Maintenance of equipment at the required condition to ensure a reliable performance, as well as improvement of safety, are major concerns in the field of asset integrity management. Condition monitoring is a procedure that allows one to identify early signs of failures and implement efficient maintenance plans to eliminate the uncertainties in machine operation. In addition, vibration monitoring is known as a detection tool for early detection of degradation from the expected performance. It is often superior to other condition monitoring techniques, due to its high sensitivity and simplicity of implementation. Vibration analysis provides substantial information regarding the operating condition of components and aids to remedy problems. Therefore, it can be used to detect a wide range of fault conditions in rotating machinery, such as imbalance, misalignment of internal shafts, looseness, cracked shaft, gear failures, rolling element bearing damages, motor faults and impeller issues.

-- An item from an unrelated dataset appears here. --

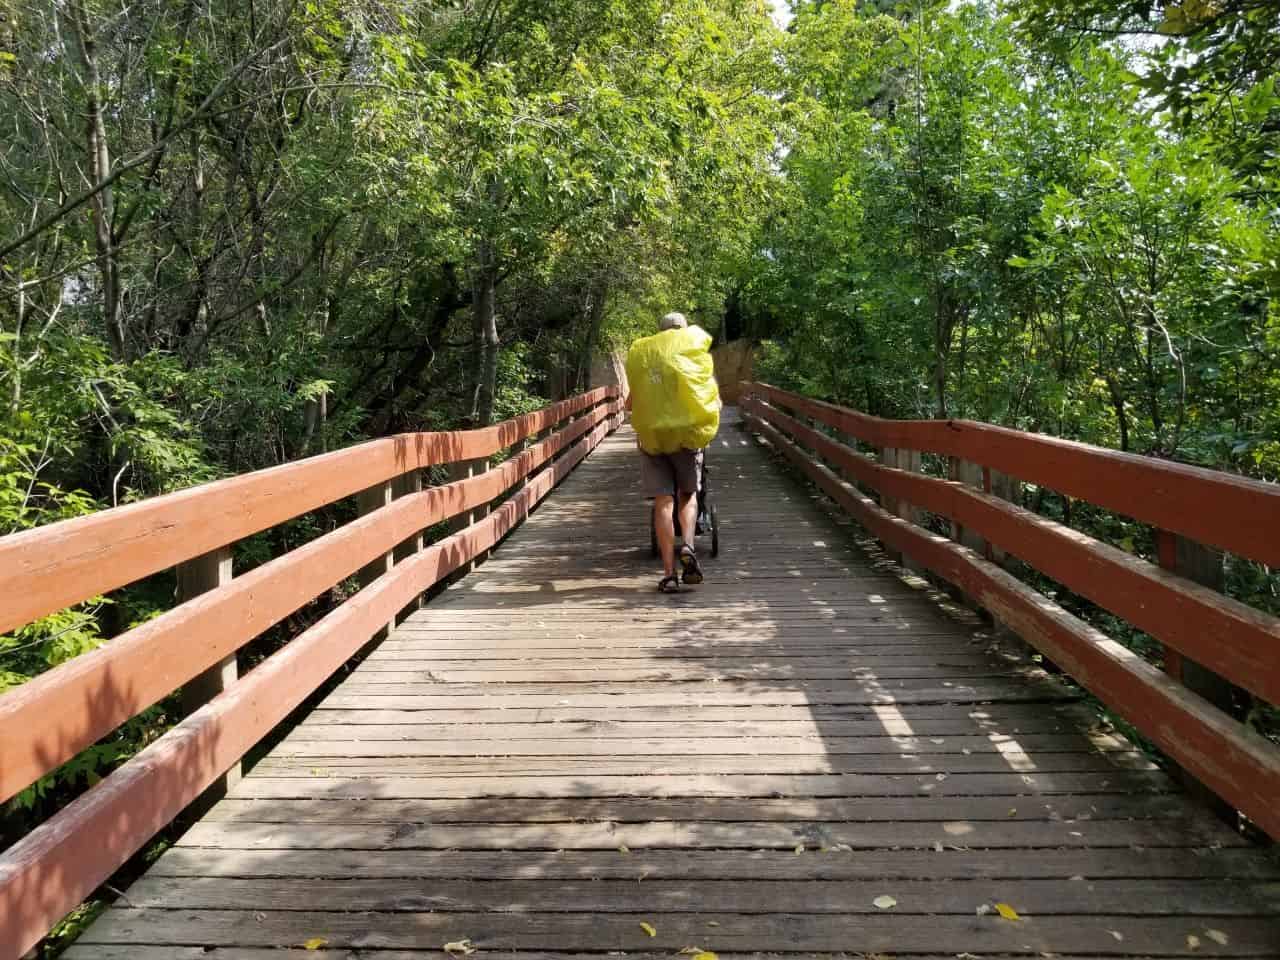 Paved cycling lanes, boardwalks, and mostly flat gradients make the Meewasin Trail, which is part of the Trans Canada Trail, suitable for all fitness levels.

The primary intention of the research reported in this dissertation is to investigate the applicability of a neural network methodology for the detection and diagnosis of mechanical defects of impellers in centrifugal pumps. The study focuses on extracting appropriate features from vibration signals associated with pump impellers and the performance of artificial neural networks (ANNs) using these features. The second intention is to enhance maintenance decisions regarding the actual impeller condition. This leads to a transition from time based preventive maintenance to condition based maintenance, and also improving the safety and reliability of pumping systems, as well as reducing unexpected and catastrophic failures. Hence, vibration analysis techniques are used as a principal tool to characterise the impeller conditions under flow variation, with the requirements of data collection, data processing, transformation and selection of essential features corresponding to the running condition.
This dissertation presents a study of current vibration analysis techniques to extract the required features, namely time based features, frequency based features and wavelet based features. An experimental setup is developed to measure the impeller vibration. The experiment is performed using seven impeller fault conditions such as crack and imbalance under fluctuating flow conditions to simulate non-stationary conditions in the system. Also, the evolution of features over varying flow rates are evaluated in order to identify features that contain fundamental information corresponding the fault characteristics. Moreover, the collected features form non-dimensional training data sets are used to train ANNs. Comparisons of different training algorithms, network hidden nodes and effectiveness of different transfer functions are performed to select the most appropriate parameters of networks.
Validation of the results prove that the accuracy of ANN prediction improves considerably by using decomposed vibration signals and energy based features. Comparison of the network accuracy based on wavelet packet transform (WPT) features with time analysis and frequency analysis based features, indicate that WPT-ANN lead to lower mean square errors and higher correlation coefficients, as well as shorter training times. The WPT-ANN model can save computational time and provides better diagnostic information, which can be effectively used for classification of impeller defects under non-stationary conditions.
Dissertation (MEng)--University of Pretoria, 2016.